= Karl Söllner =

Austrian physicist and chemist (1903–1986)

Karl Söllner (9 January 1903 – 14 June 1986) was an Austrian-American chemist, primarily active in the field of physical chemistry and biophysics.

== Life ==
Söllner was the son of lawyer Anton Maria Söllner and his wife Julie ( Karplus). He grew up in Vienna and began studying chemistry and philosophy at the University of Vienna in 1921. From his third semester he was a student assistant (Demonstrator) at the university. He completed his dissertation with Alfons Klemenc. In 1928 he entered the service of the Kaiser Wilhelm Institute for Physical Chemistry and Electrochemistry in Berlin, where he worked as a scientific assistant alongside Herbert Freundlich. In May 1933, Söllner began a habilitation thesis in the field of osmosis which was reviewed by Fritz Haber, Max Bodenstein and Herbert Freundlich.

Unfortunately, in the same year the Nazi party seized power. According to the national socialist definition he was of Jewish heritage and was therefore forced him to leave his position at the institute in June 1933. He then emigrated to Great Britain, where he found a position in the chemistry department of University College London, where he worked from 1933 to 1937. He was also a visiting researcher and consultant at Imperial Chemical Industries.

In 1937 Söllner moved to the United States. There he took a position as a chemist with the Department of Agronomy at Cornell University in Ithaca with support from the “Emergency Committee in Aid of Displaced German Scholars“. In 1938 he moved to the Department of Physiological Chemistry at the University of Minnesota School of Medicine in Minneapolis. There he was initially employed as an Associate Chemist. He was promoted to "Regular Chemist" in 1939, Associate Professor in 1943 and Full Professor in 1947.
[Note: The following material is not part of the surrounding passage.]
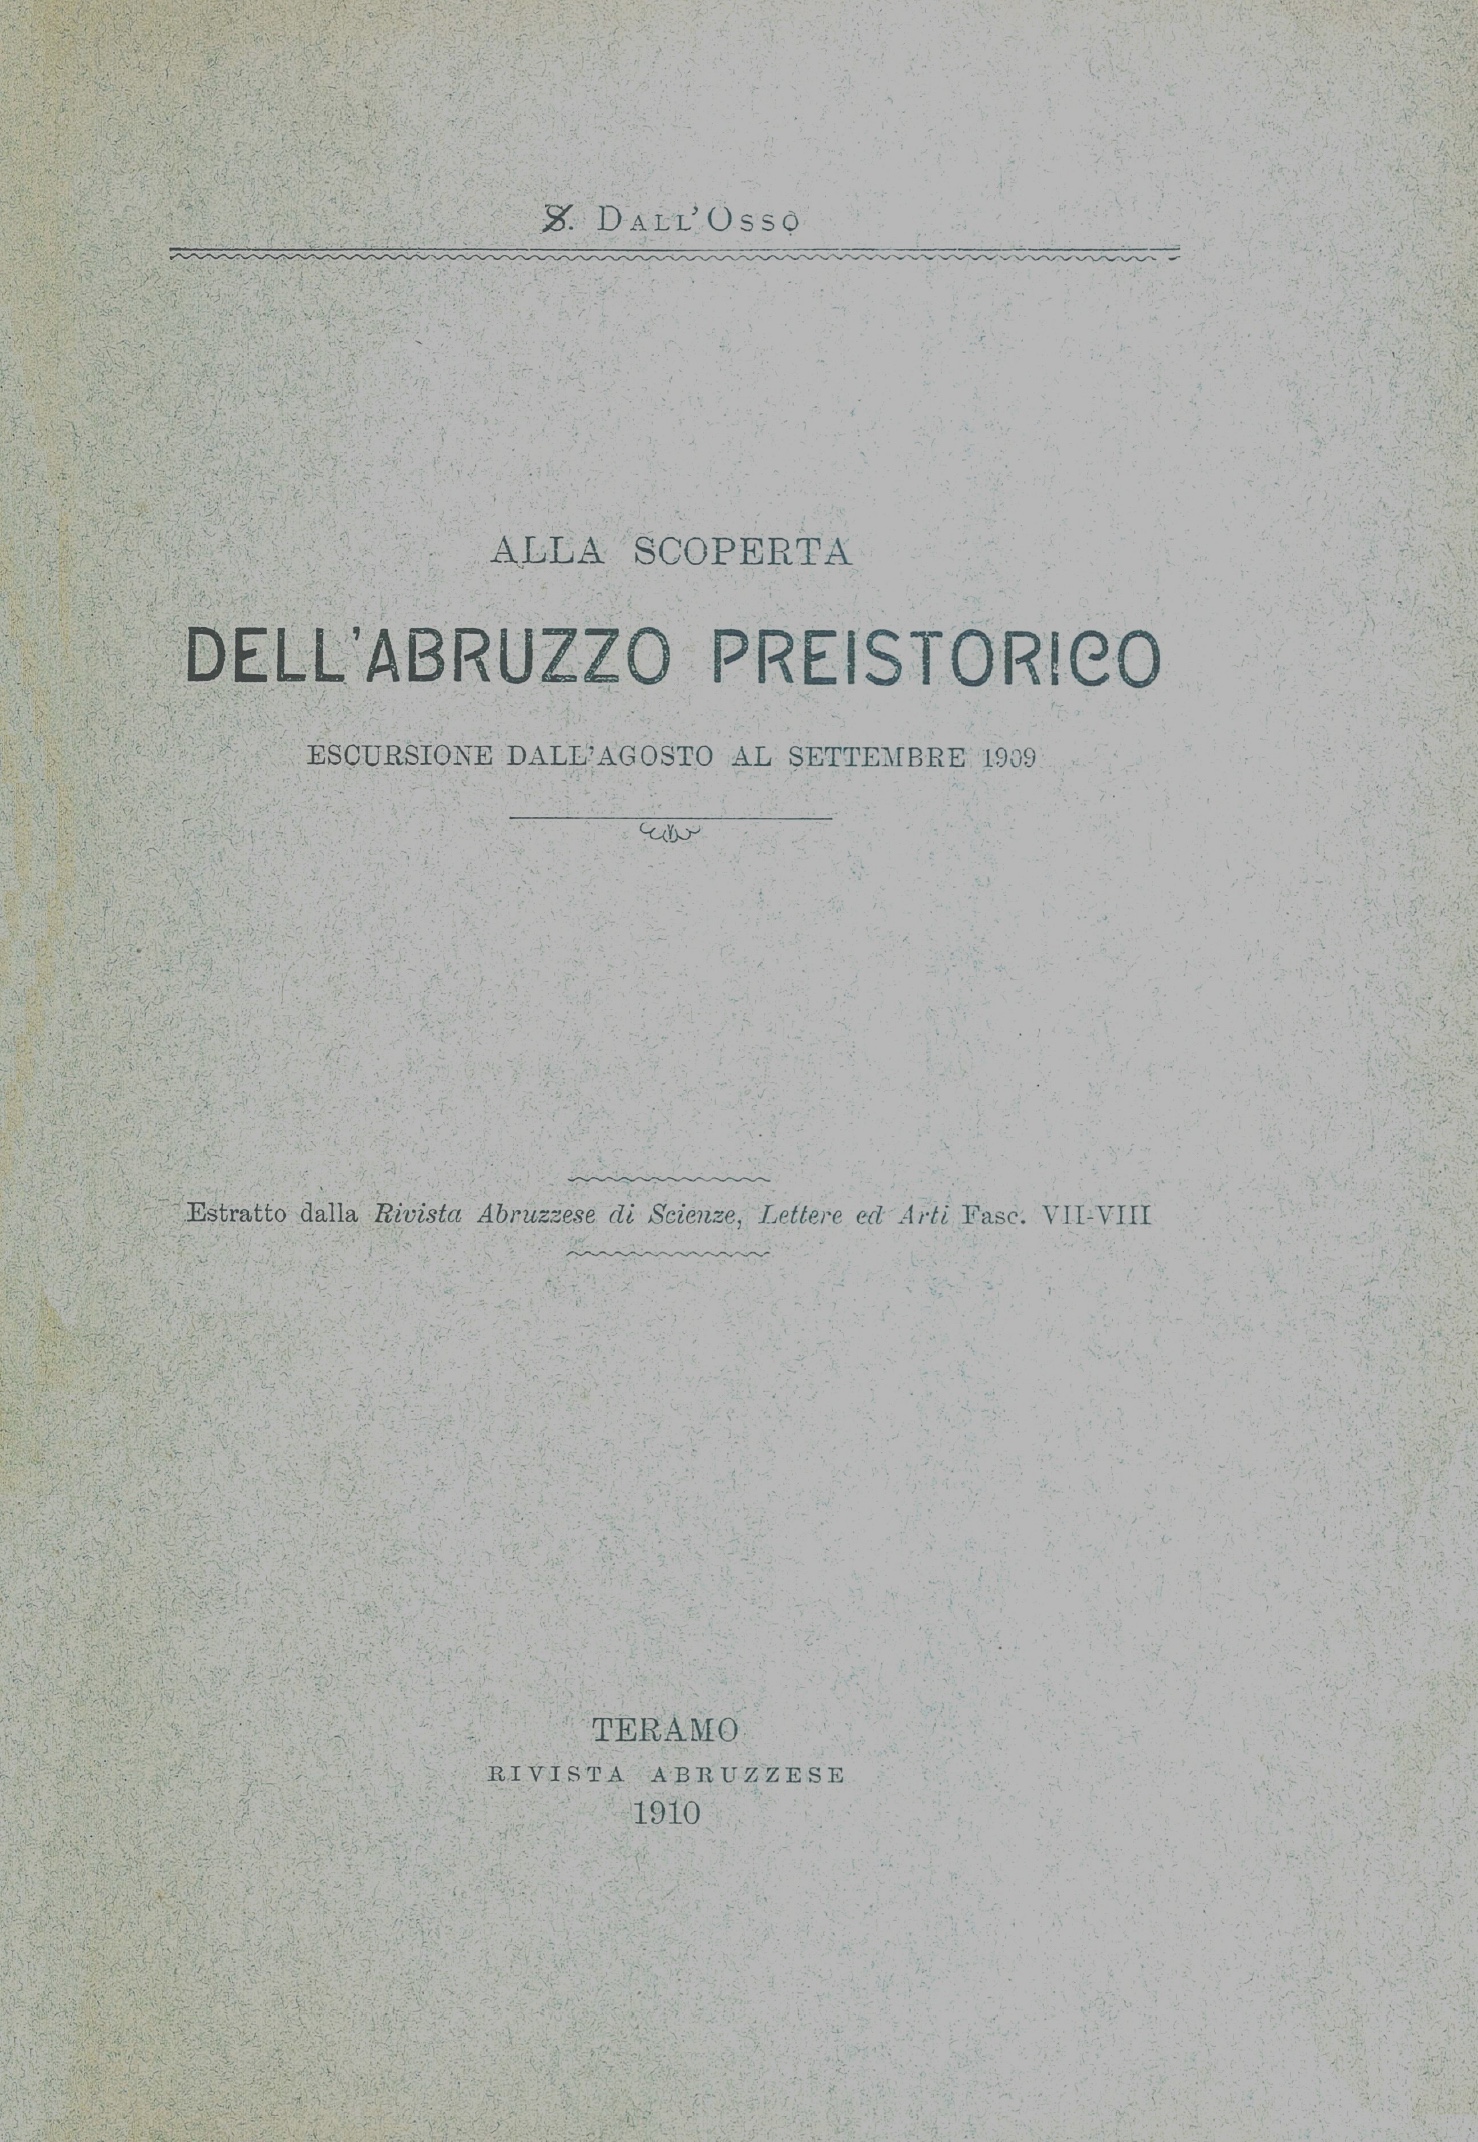 Storia Locale - Dall'Osso - Abruzzo Preistorico - ed. 1910 - <b>DOWNLOAD</b>

Söllner was labelled as an enemy of the state by Nazi authorities. In the spring of 1940, the Reich Security Main Office in Berlin put him on a special Great Britain wanted list, a list of people who, in the event of a successful invasion and occupation of the British Isles by the Wehrmacht, should be identified and arrested as a priority by the SS special forces that followed the occupation forces.

Later Söllner moved to the Institute of Health in Bethesda, Maryland where he worked in the laboratory of National Institute of Arthritis Metabolism and Digestive Diseases, initially at the rank of Principal Research Analyst, from 1948 as a senior physical biochemist and from 1965 as head of the section for electrochemistry and colloid chemistry. In 1973 he officially retired, but continued to work as a consultant and visiting researcher for the institute until 1975.

Söllner was a specialist in ultrasound for colloid systems. In this context, he focused his research on the study of membranes and their electrophysical properties and on "Studies of Dispersion of Solids, Coagulation, and Fog Formation". Söllner published about 120 scientific papers in specialist journals. He was also a member of the American Association for the Advancement of Science, the American Institute of Chemistry and the New York Academy of Sciences, the American Chemical Society, the Society of General Physiologists and the Electrochemical Society.

== Family ==
Söllner married Herta (Helen) Rosenberg on July 23, 1934. Their daughter Barbara Sollner-Webb embarked on a scientific career.

== Publications ==

- Zur Kenntnis der thermischen Zersetzung der Salpetersäure, 1926.
- Zur Erklärung der abnormen Osmose an nichtquellbaren Membranen, I.-III. Teil, 1933.
- The Structure of the Colladion Membrane and Its Electrical Behavior, an Experimental Test of Some Aspects of the Teorell and Meyer-sievers Theories of Electrical Membrane Behavior, 1944.